# [DATA RECORDS]
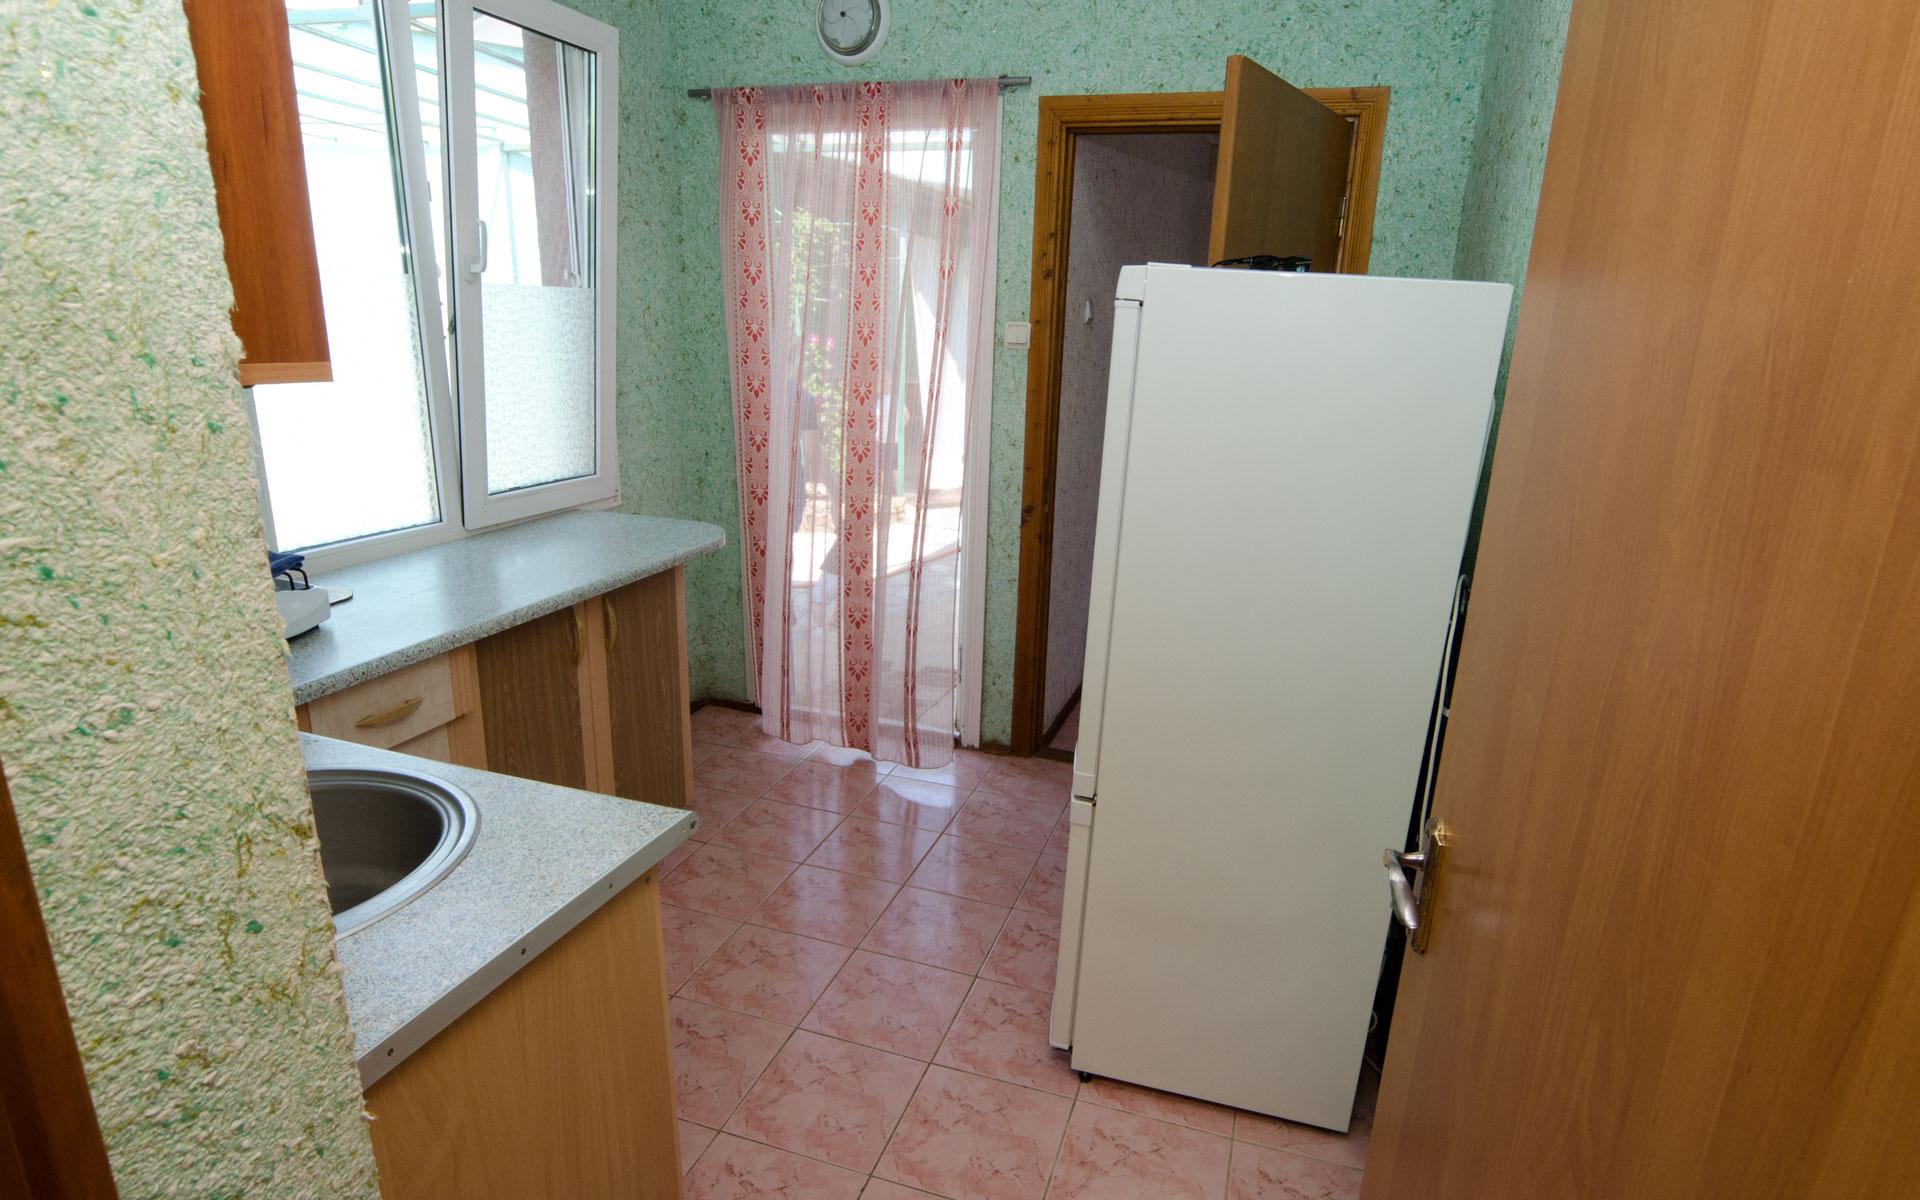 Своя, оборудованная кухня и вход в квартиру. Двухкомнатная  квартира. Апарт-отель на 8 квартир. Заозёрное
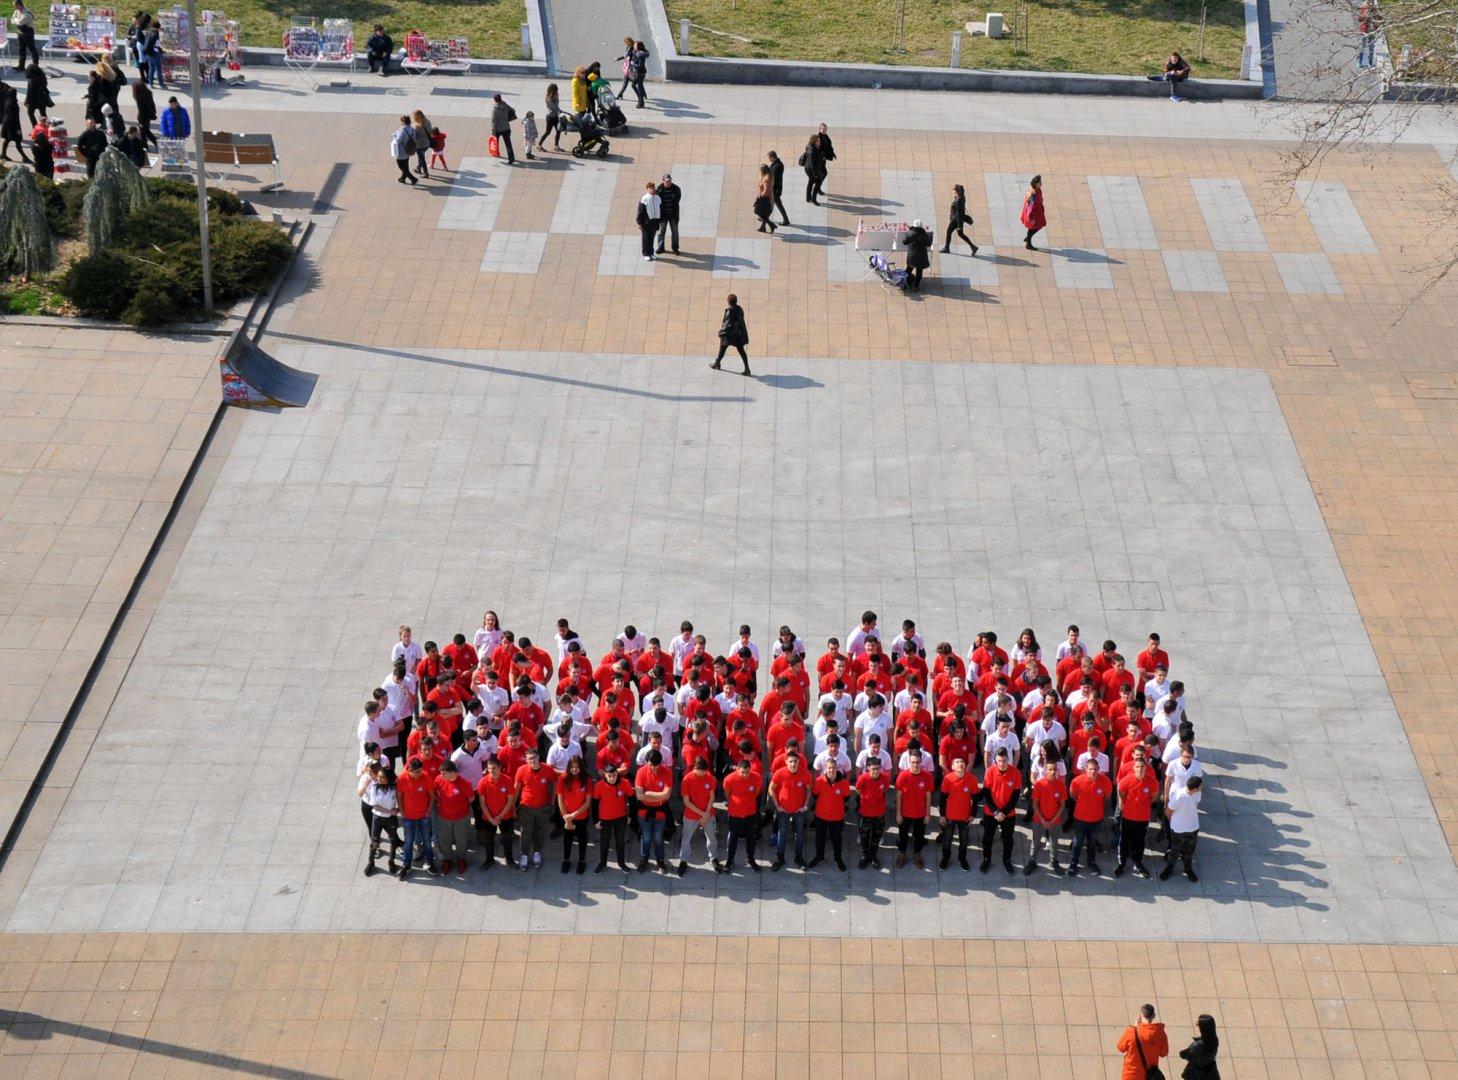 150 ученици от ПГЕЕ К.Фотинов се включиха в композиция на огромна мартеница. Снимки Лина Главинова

...

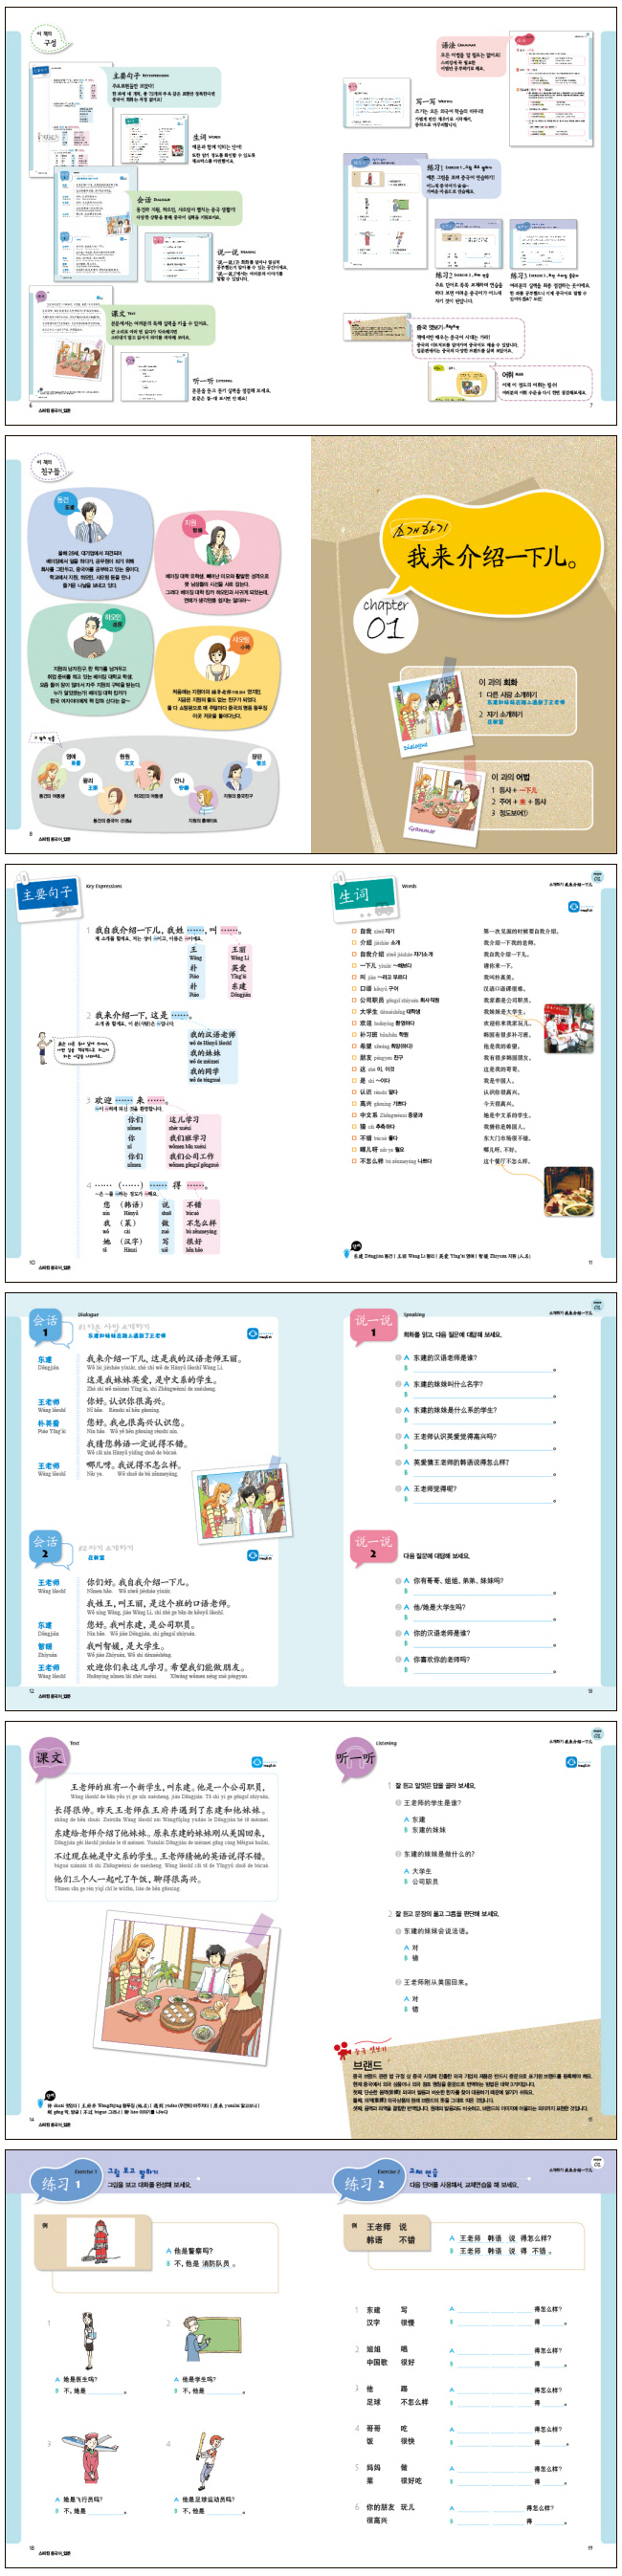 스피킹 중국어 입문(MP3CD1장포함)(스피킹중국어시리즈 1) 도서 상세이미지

==

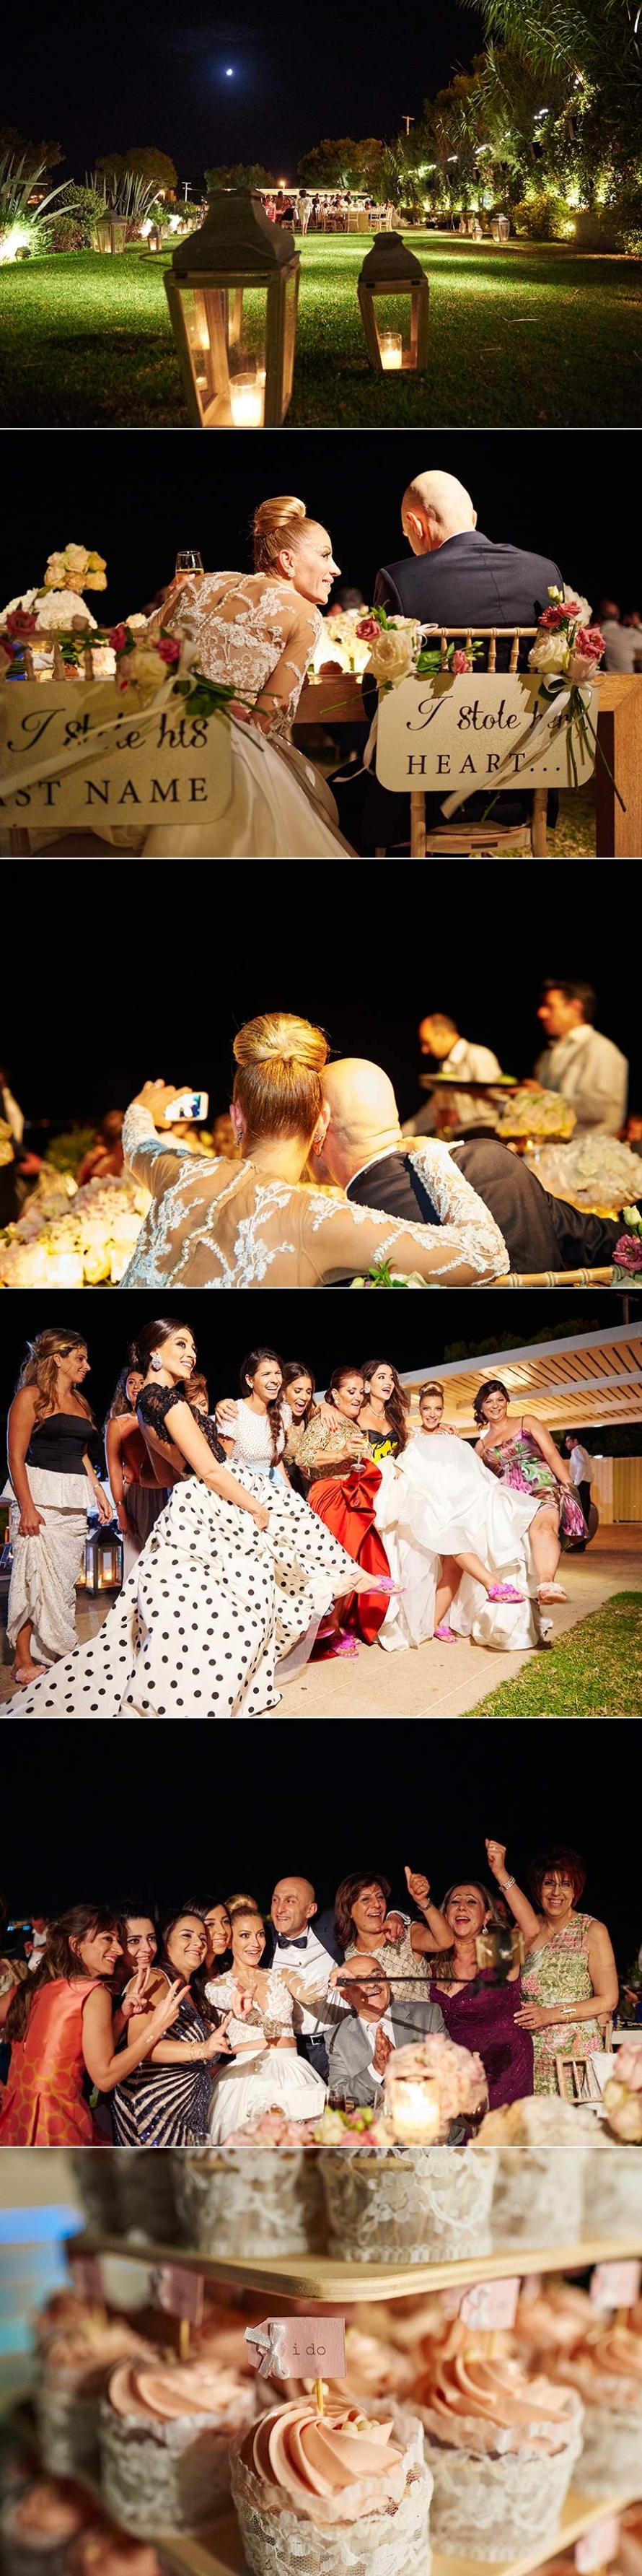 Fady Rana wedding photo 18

# [TASK BRIEF]
In the records above, find the line with "Своя, оборудованная кухня" and the line with "150 ученици от". Write out exactly those lines and every one between, with no pictures and no other lines.

# [WRITTEN SOLUTION]
 Своя, оборудованная кухня и вход в квартиру. Двухкомнатная  квартира. Апарт-отель на 8 квартир. Заозёрное
 150 ученици от ПГЕЕ К.Фотинов се включиха в композиция на огромна мартеница. Снимки Лина Главинова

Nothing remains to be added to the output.